- _Work required_
Would you return the listing exactly as written, apart from its pictures?

- _Data segment_

Content starts

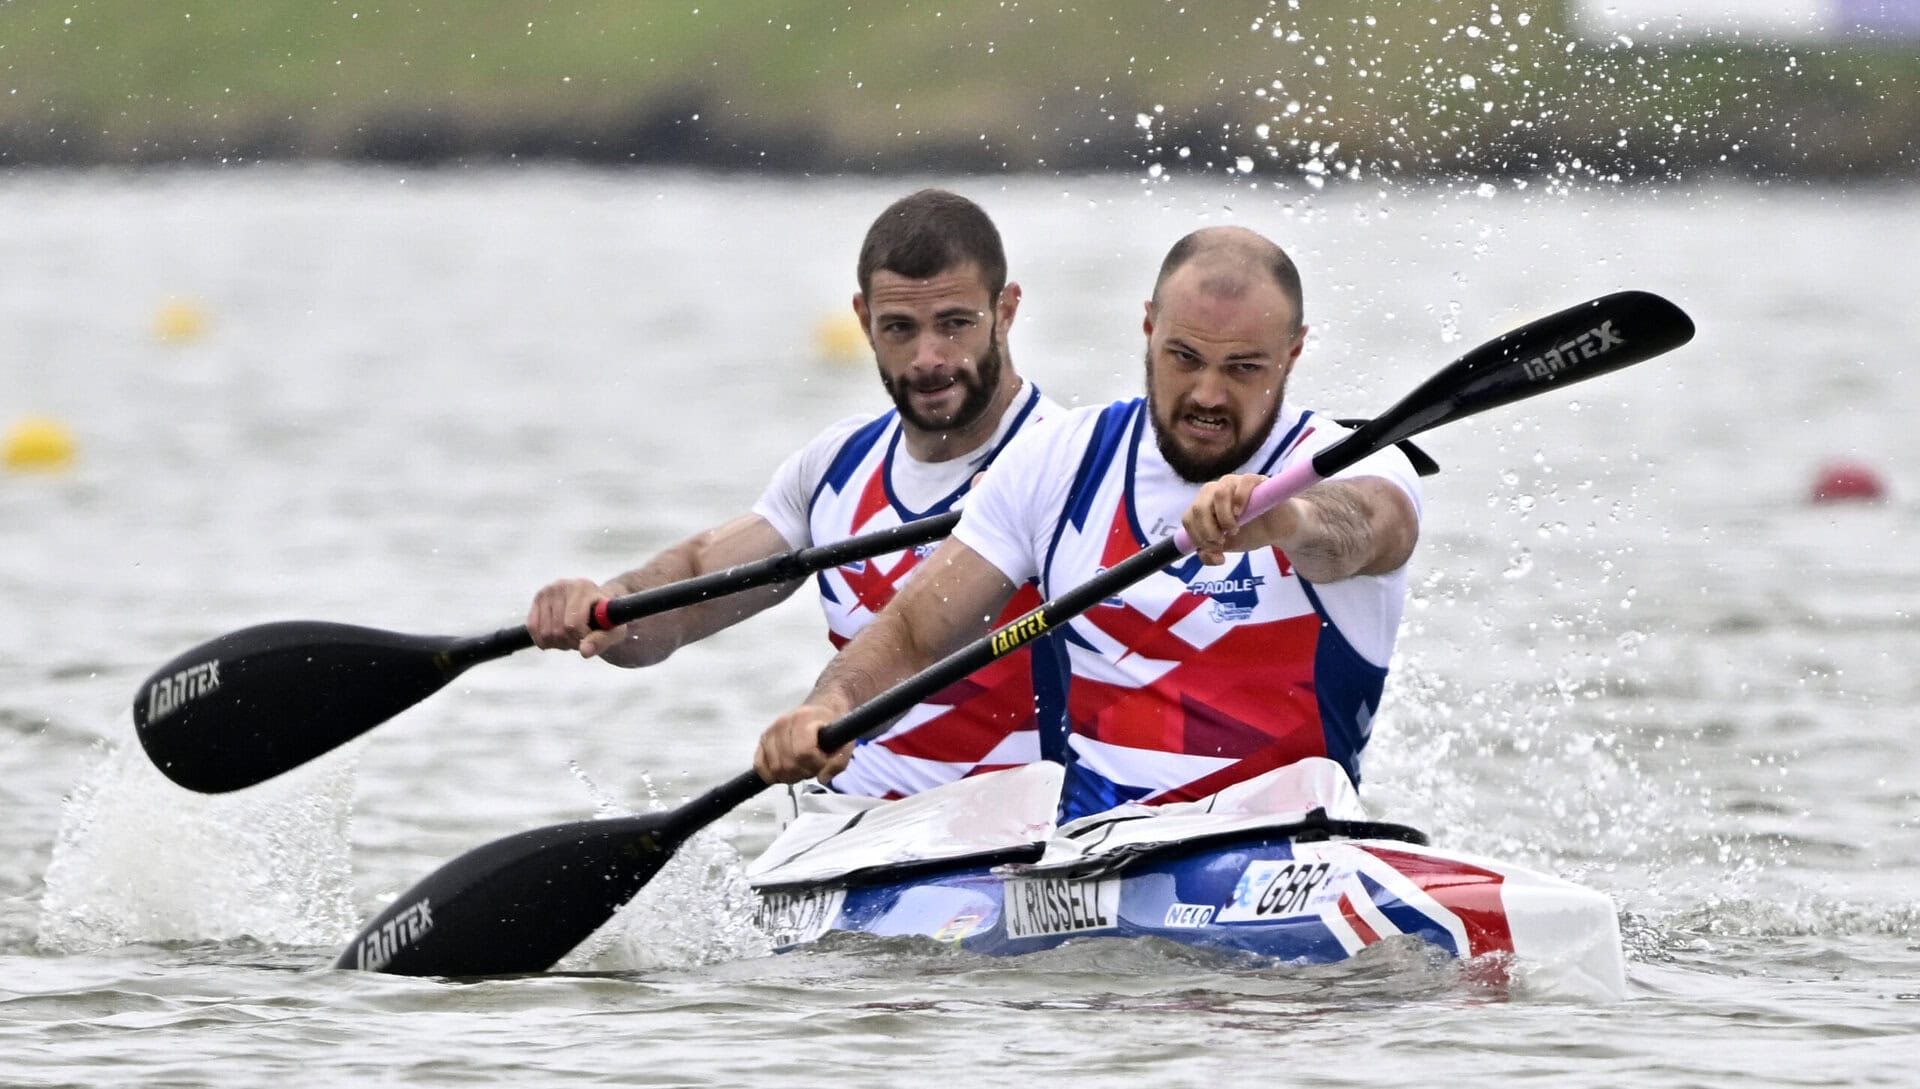 James Russell (GBR) and Trevor Thomson (GBR) during the European Olympic Qualifiers for Canoe Sprint in Szeged, Hungary..
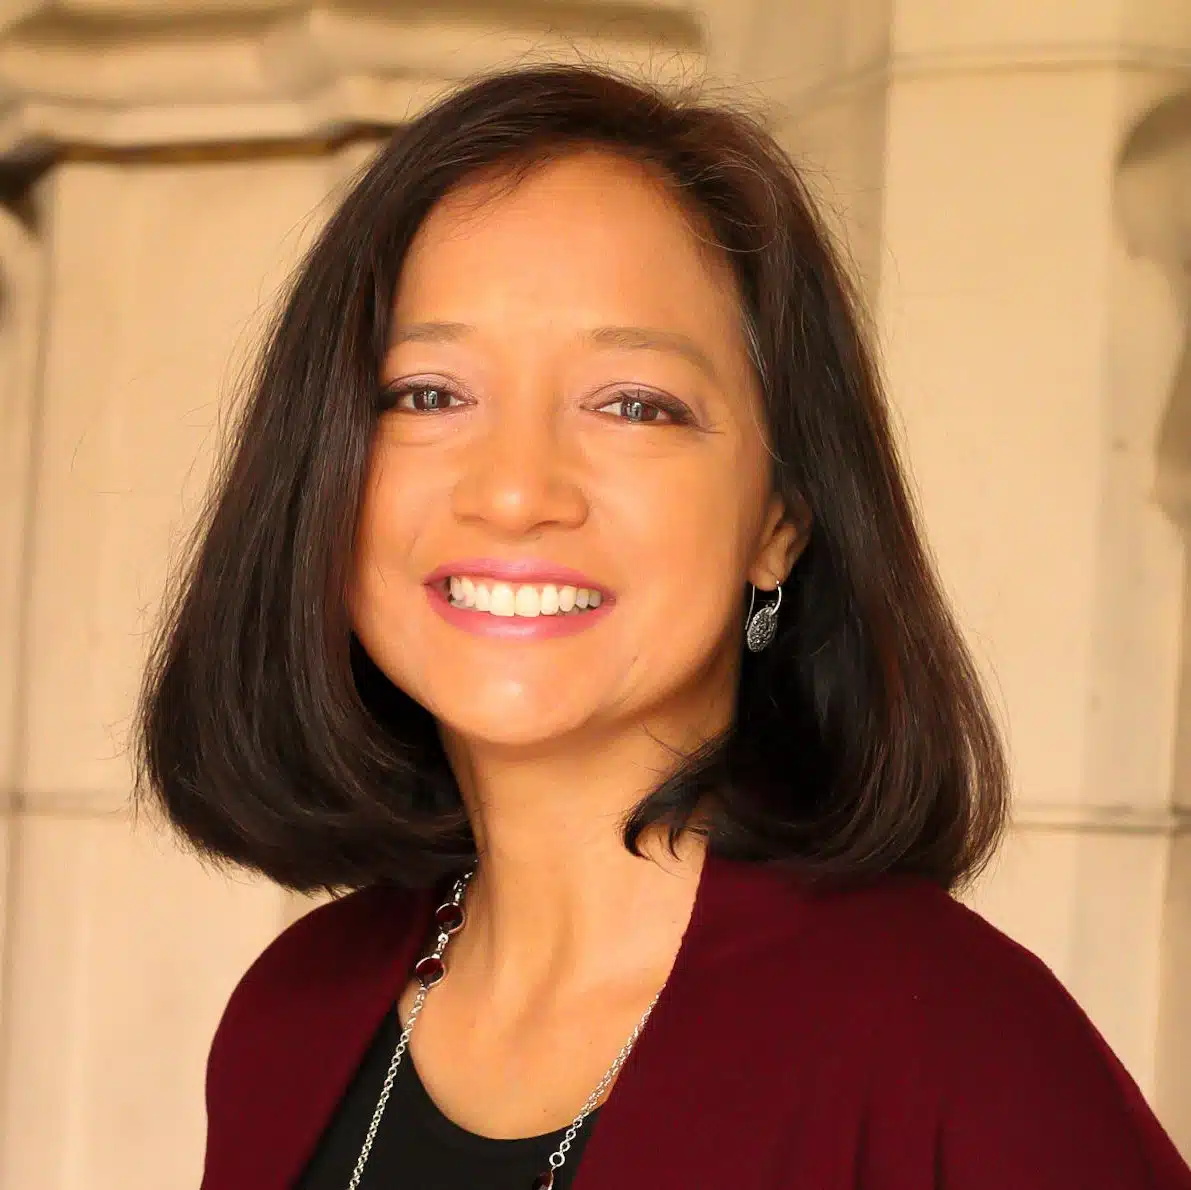 A smiling woman wearing a burgundy jacket.
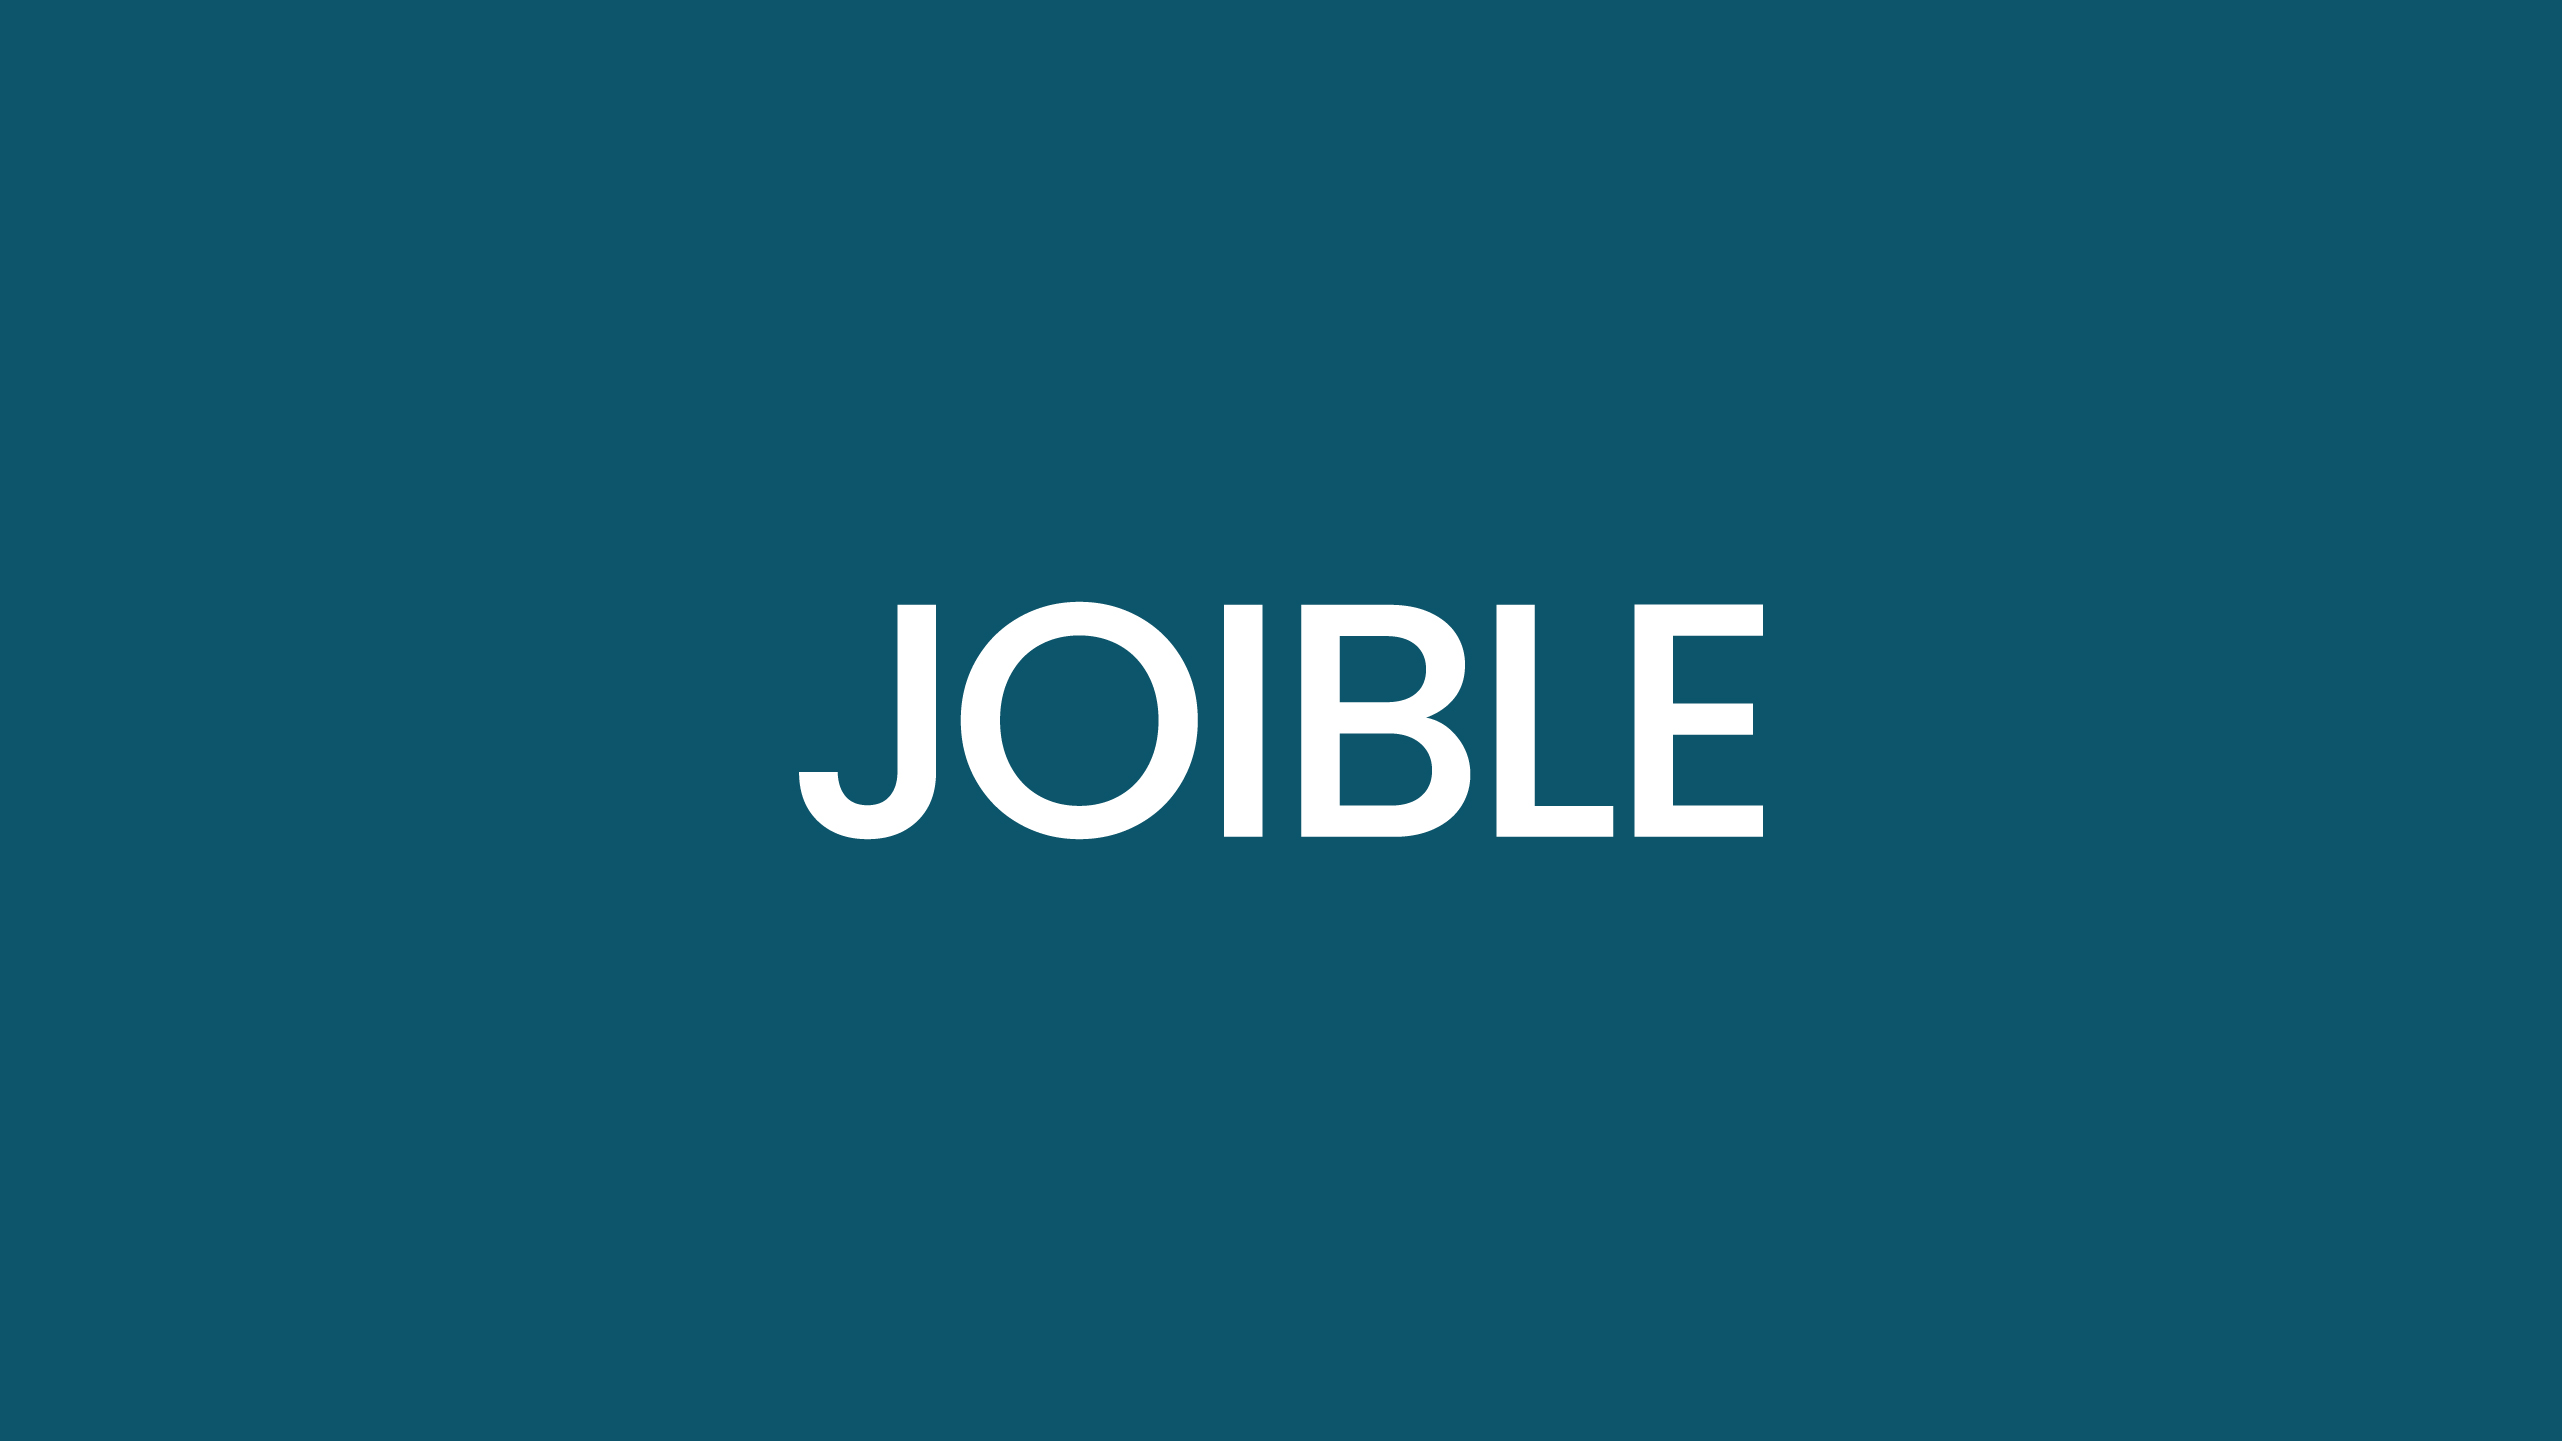 Logo of Joible, a brand for which I developed the brand identity.

Content ends

- _Answer for the task_
 James Russell (GBR) and Trevor Thomson (GBR) during the European Olympic Qualifiers for Canoe Sprint in Szeged, Hungary..
 A smiling woman wearing a burgundy jacket.
 Logo of Joible, a brand for which I developed the brand identity.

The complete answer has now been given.